Из Иркутска нас отправляли в Красноярск. Плотничья наша бригада, под надзором конечно, приехала туда работать. И там работал один чуваш православный, он знал, что я верующий. Говорит: «Давай в воскресенье пойдём в церковь?» Я говорю: «Давай». Пришли в церковь. Я же в церкви сам не воспитывался. Я пришел, он сам сзади стоит, а я, как помолиться, не знаю. Подходит ко мне батюшка молодой, откуда я, спрашивает и говорит: «Заходи в алтарь». Ну, я пошёл в алтарь. Оказалось, он иеромонах Серафим тогда был. И пока я там работал, ходил в храм каждое воскресенье, многому он меня научил. Он мне написал, как попасть в семинарию, какие нужно молитвы знать, все молитвы расписал. Он потом отправил меня к своему брату, а брат у него в Иркутске служил иеромонахом тоже. Когда я в Иркутске был уже, они меня очень поддержали, помогали мне. Потом он уже схиархимандрит был, умер недавно. А тот, другой брат – схиигумен Виктор. Мы постоянно встречались, даже тогда, когда уже здесь я служил, в гости к ним ездил в Красноярск. Поддерживали они меня постоянно.

Я освободился в 1968 году, и уже домой не поехал, приехал в Иркутск и сразу пошёл в церковь. Ещё не знал, как благословение взять. Меня очень хорошо приняли. Там настоятель был отец Николай Соколов. «Ну, ничего, – говорит. – Что ты хочешь?» Я говорю: «В семинарию хочу». – «Ну, ладно, – говорит, – пойдем к владыке Вениамину[2], узнаем». Конечно сомневались, я судимый, власти за духовенством следили ведь.

Владыка меня расспрашивал, я ему всё рассказал, тем более, он сам сидел. Он говорит: «Коля, не беспокойся, всё будет хорошо». Принимал он меня очень по-отечески. «Оставайся здесь, – говорит. – Научишься читать». И я остался там. Отец Николай Соколов меня поддерживал, хоть он и был такой горячий, но он меня никогда не ругал. Не знаю, за что он меня не ругал, не знаю. Ну, я делал, что мне говорят. Если бы они не поддержали, не было бы с меня пользы.

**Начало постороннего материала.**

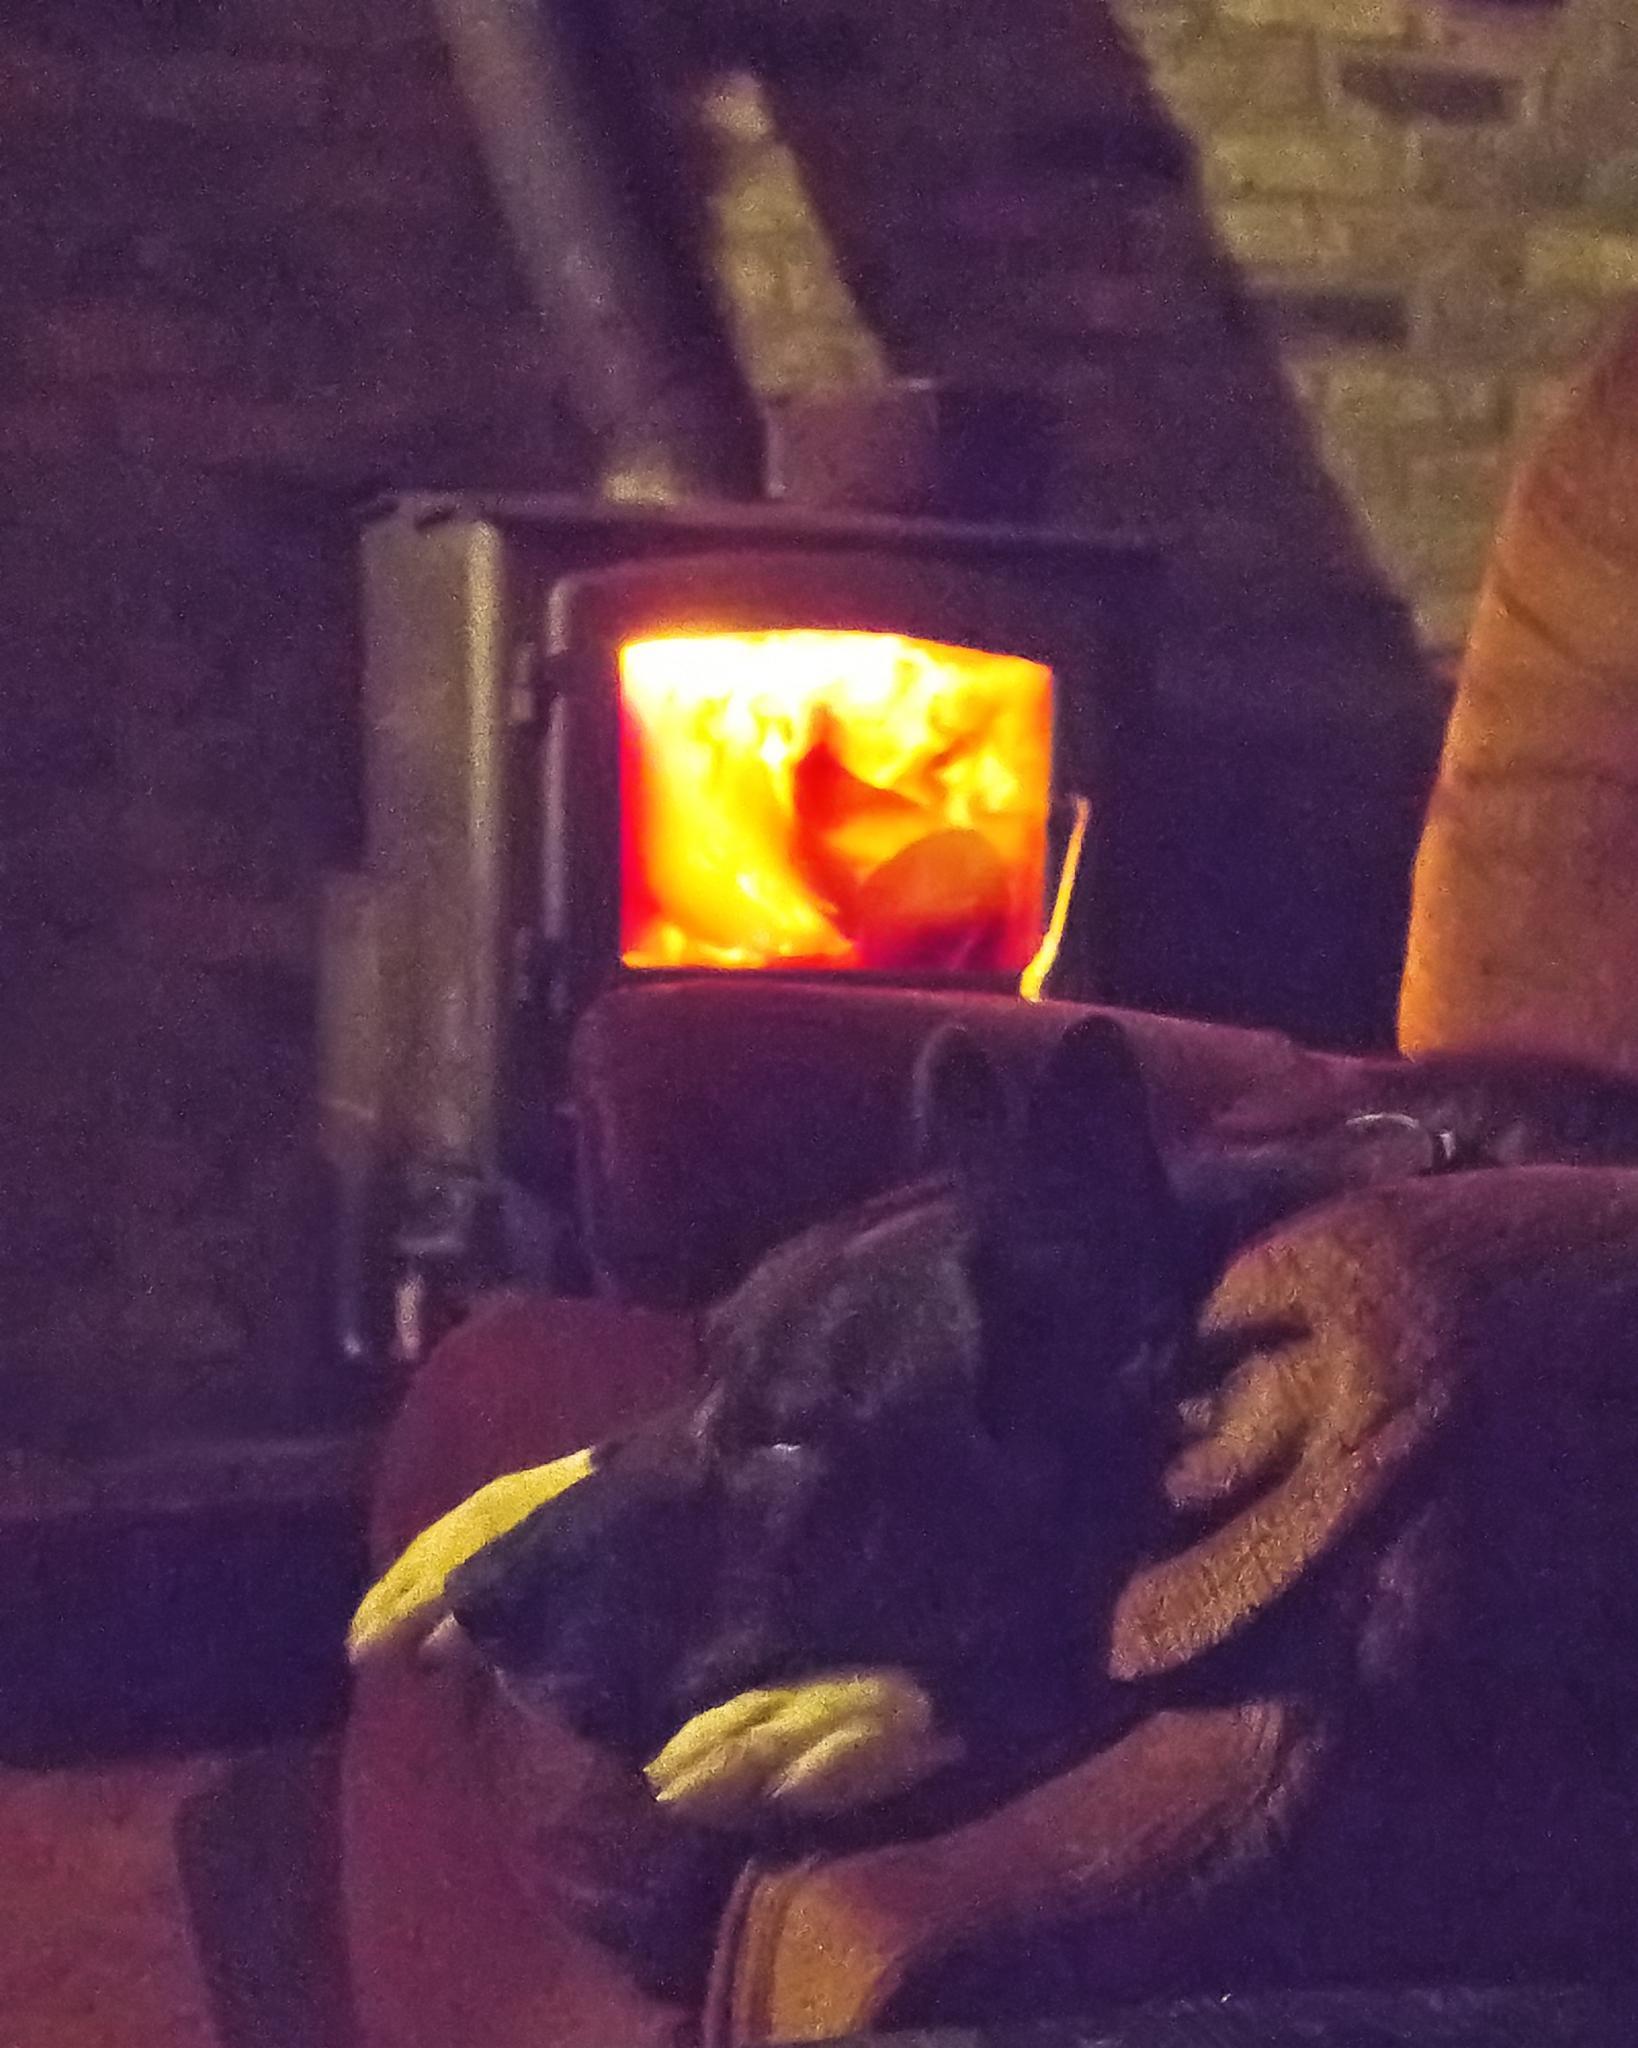 Warm Dog by BadgerBob

Целый год я пономарил там, научили читать, и потом владыка меня отправил в Московскую семинарию. Сперва я хотел поступать в Одесскую семинарию, писал прошение. Всех вызывали, а меня не вызвали. Мальчики туда поехали, а я остался. Я сижу, начал плакать, владыка Вениамин приходит, говорит мне: «Коля, Коля, не беспокойся. Я тебя отправлю в Москву учиться на следующий год». Так оно и получилось, владыка отправил меня в семинарию, я поступил. Тогда там был инспектором владыка Симон Рязанский[3], а ректором – владыка Филарет[4], который умер в Беларуси.

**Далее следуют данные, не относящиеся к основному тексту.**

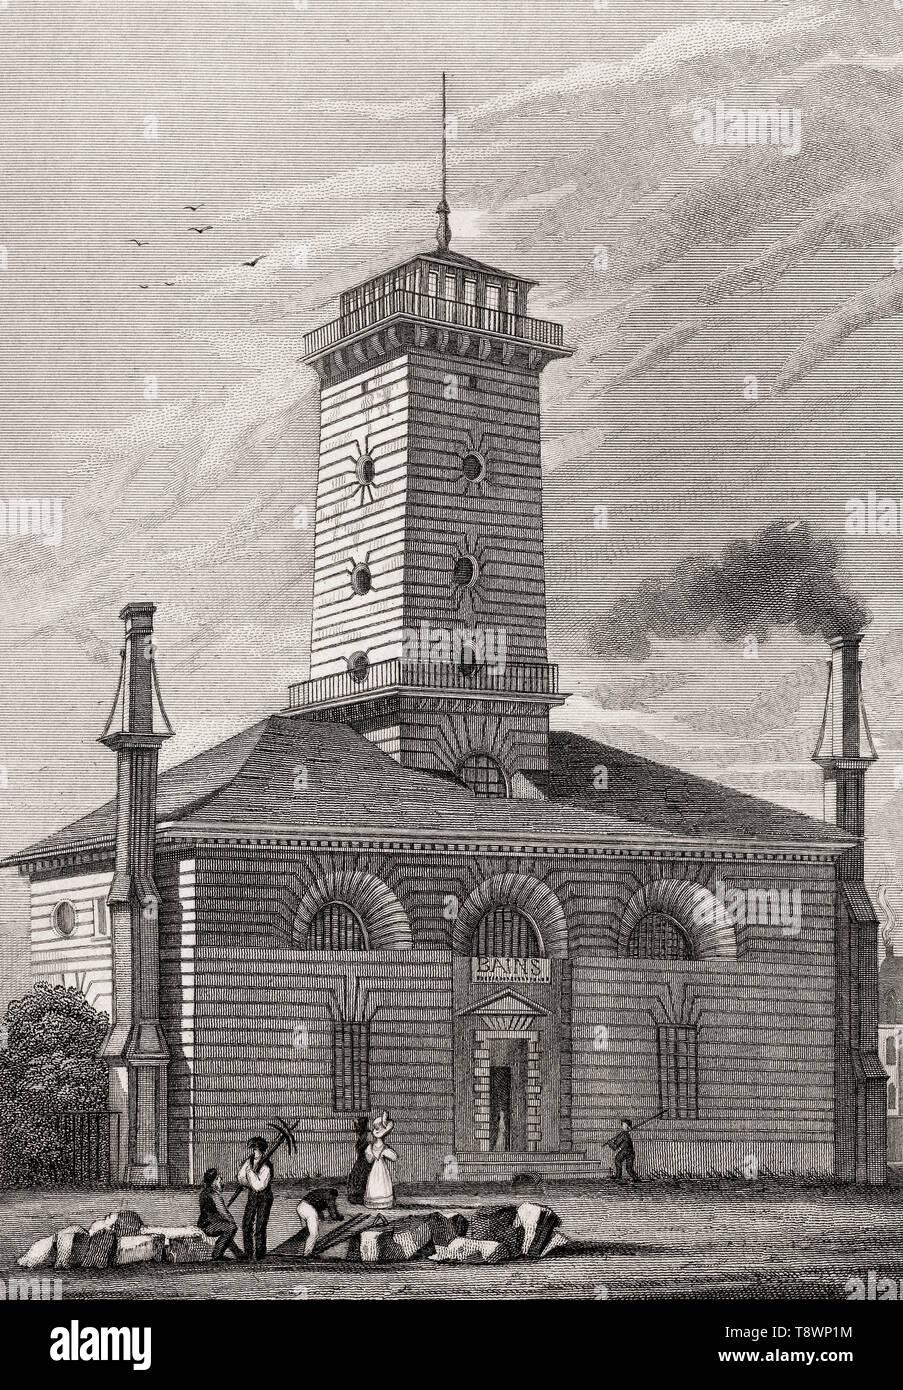 La pompe à feu du Gros-Caillou, Paris, antique steel engraved print, 1831 Stock Photo

Первый год я очно учился. Ещё ситуация такая была, что литературы не хватало, мы вручную всё переписывали. Через некоторое время, месяц-два уже как учился, меня вызывают в военкомат. Пришёл. В военкомате мне говорят: «Мы знаем, кто ты такой, ты должен будешь нам передавать, что делается в семинарии, кто приходит к владыке, какие иностранцы, что дарят ему, какие подарки». Я замер, сразу внутренне смутился. Как-то Господь вразумляет, и я говорю: «Дайте мне срок». – «Тогда через три дня придёшь».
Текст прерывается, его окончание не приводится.